THE CHASE MANHATTAN BANK,
      as Trustee



By:
   -------------------------------
      Authorized Officer




                               REVERSE OF SECURITY

     This Note is one of a duly authorized issue of Senior Global Medium-Term
Notes, Series C, having maturities more than nine months from the date of issue
(the "Notes") of the Issuer. The Notes are issuable under a Senior Indenture,
dated as of April 15, 1989, as supplemented by a First Supplemental Senior
Indenture dated as of May 15, 1991 and a Second Supplemental Senior Indenture
dated as of April 15, 1996 between Morgan Stanley Group Inc. (as predecessor of
the Issuer) and The Chase Manhattan Bank (formerly known as Chemical Bank), as
Trustee (the "Trustee," which term includes any successor trustee under the
Senior Indenture) as further supplemented by a Third Supplemental Senior
Indenture dated as of June 1, 1997 and a Fourth Supplemental Senior Indenture
dated as of March 1, 1998 between the Issuer and the Trustee (as so supplemented
and as further supplemented from time to time, the "Senior Indenture"), to which
Senior Indenture and all indentures supplemental thereto reference is hereby
made for a statement of the respective rights, limitations of rights, duties and
immunities of the Issuer, the Trustee and holders of the Notes and the terms
upon which the Notes are, and are to be, authenticated and delivered.

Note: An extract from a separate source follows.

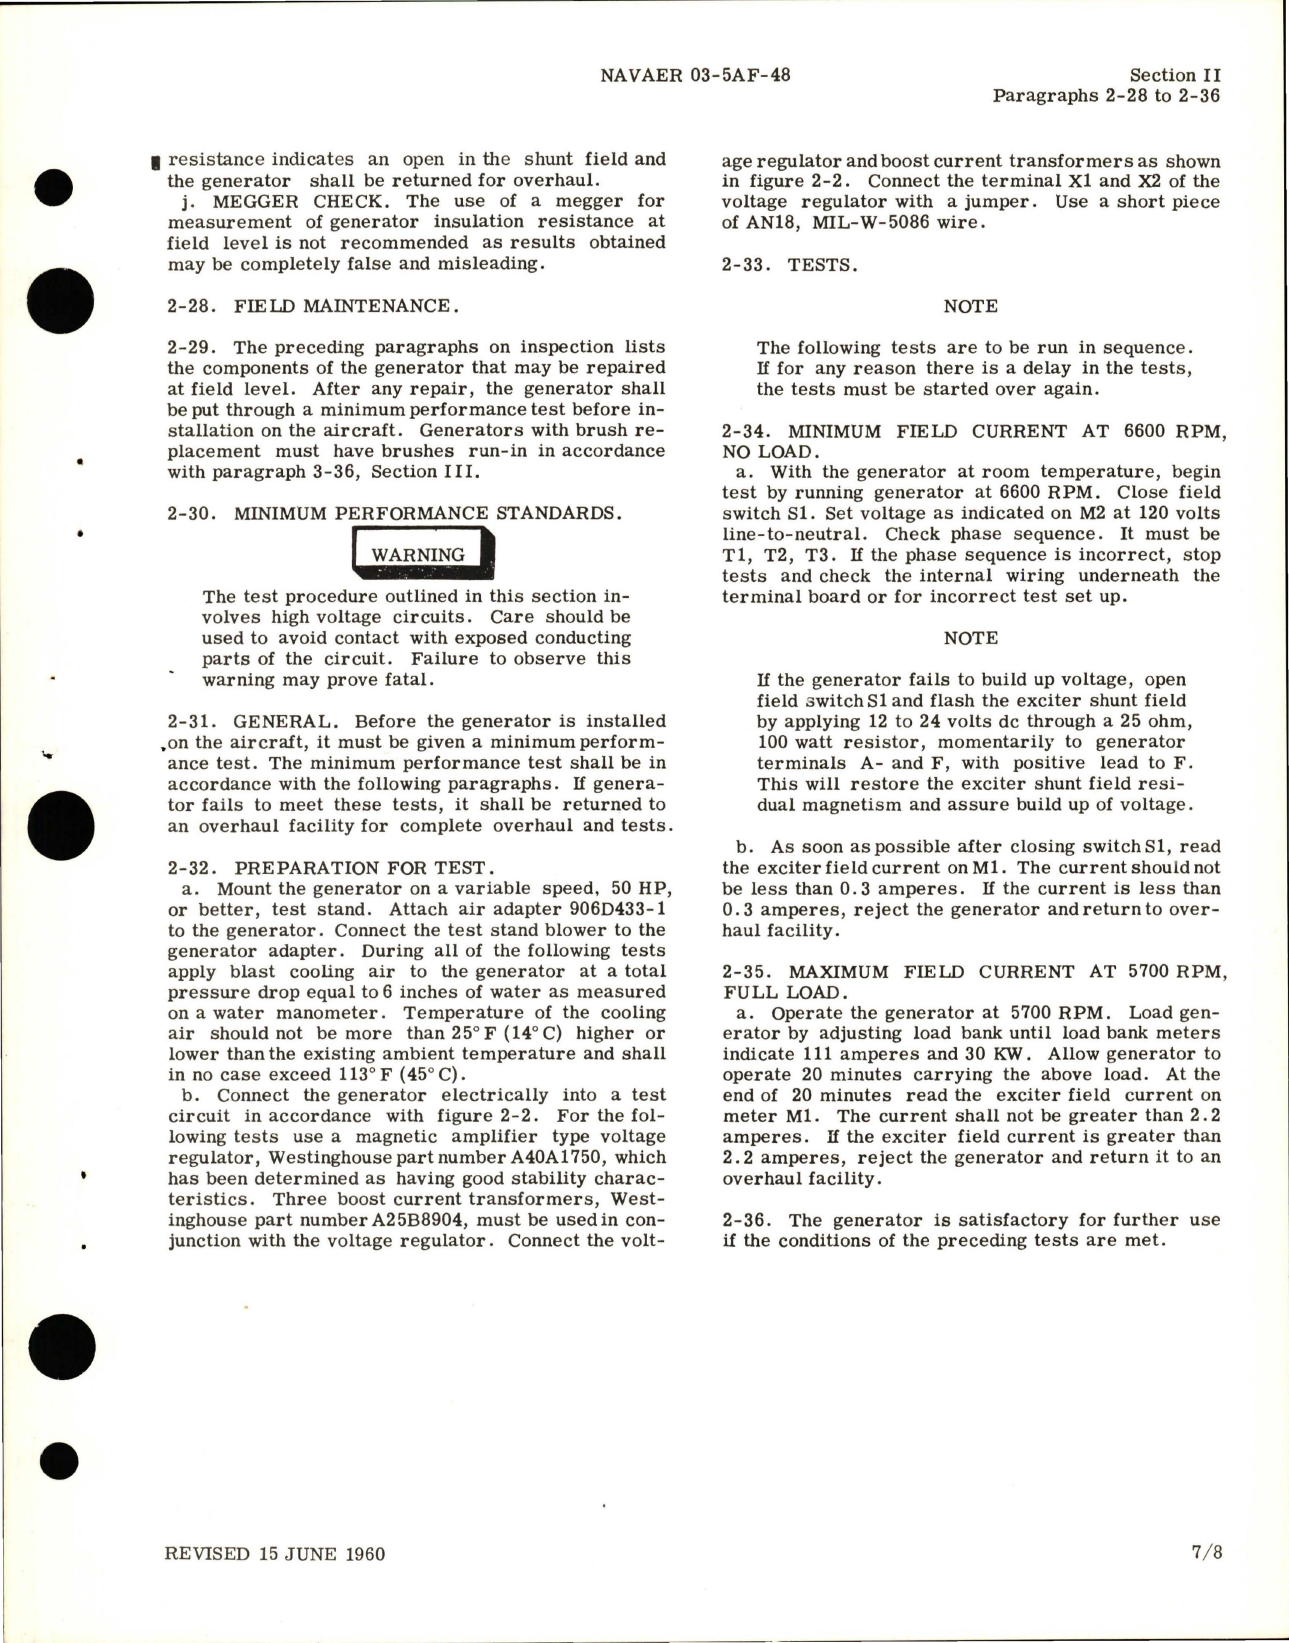 Sample page 7 from AirCorps Library document: Operation, Service and Overhaul Instructions for AC Generator - Parts 903J820-1 and A50J207-2

The Issuer
has appointed The Chase Manhattan Bank (formerly known as Chemical Bank) at its
corporate trust office in The City of New York as the paying agent (the "Paying
Agent," which term includes any additional or successor Paying Agent appointed
by the Issuer) with respect to the Notes. The terms of individual Notes may vary
with respect to interest rates, interest rate formulas, issue dates, maturity
dates, or otherwise, all as provided in the Senior Indenture. To the extent not
inconsistent herewith, the terms of the Senior Indenture are hereby incorporated
by reference herein.

     Unless otherwise provided on the face of this Note, this Note will not be
subject to any sinking fund and, unless otherwise provided on the face hereof in
accordance with the provisions of the following two paragraphs, will not be
redeemable or subject to repayment at the option of the holder prior to
maturity.

     If so indicated on the face of this Note, this Note may be redeemed in
whole or in part at the option of the Issuer on or after the Initial Redemption
Date specified on the face hereof on the terms set forth on the face hereof,
together with interest accrued and unpaid hereon to the date of redemption
(except as provided below). If this Note is subject to "Annual Redemption
Percentage Reduction," the Initial Redemption Percentage indicated on the face
hereof will be reduced on each anniversary of the Initial Redemption Date by the
Annual Redemption Percentage Reduction specified on the face hereof until the
redemption price of this Note is 100% of the principal amount hereof, together
with interest accrued and unpaid hereon to the date of redemption (except as
provided below). Notice of redemption shall be mailed to the registered holders
of the Notes designated for redemption at their addresses as the same shall
appear on the Note register not less than 30 nor more than 60 days prior to the
date fixed for redemption, subject to all the conditions and provisions of the
Senior Indenture. In the event of redemption of this Note in part only, a new
Note or Notes for the amount of the unredeemed portion hereof shall be issued in
the name of the holder hereof upon the cancellation hereof.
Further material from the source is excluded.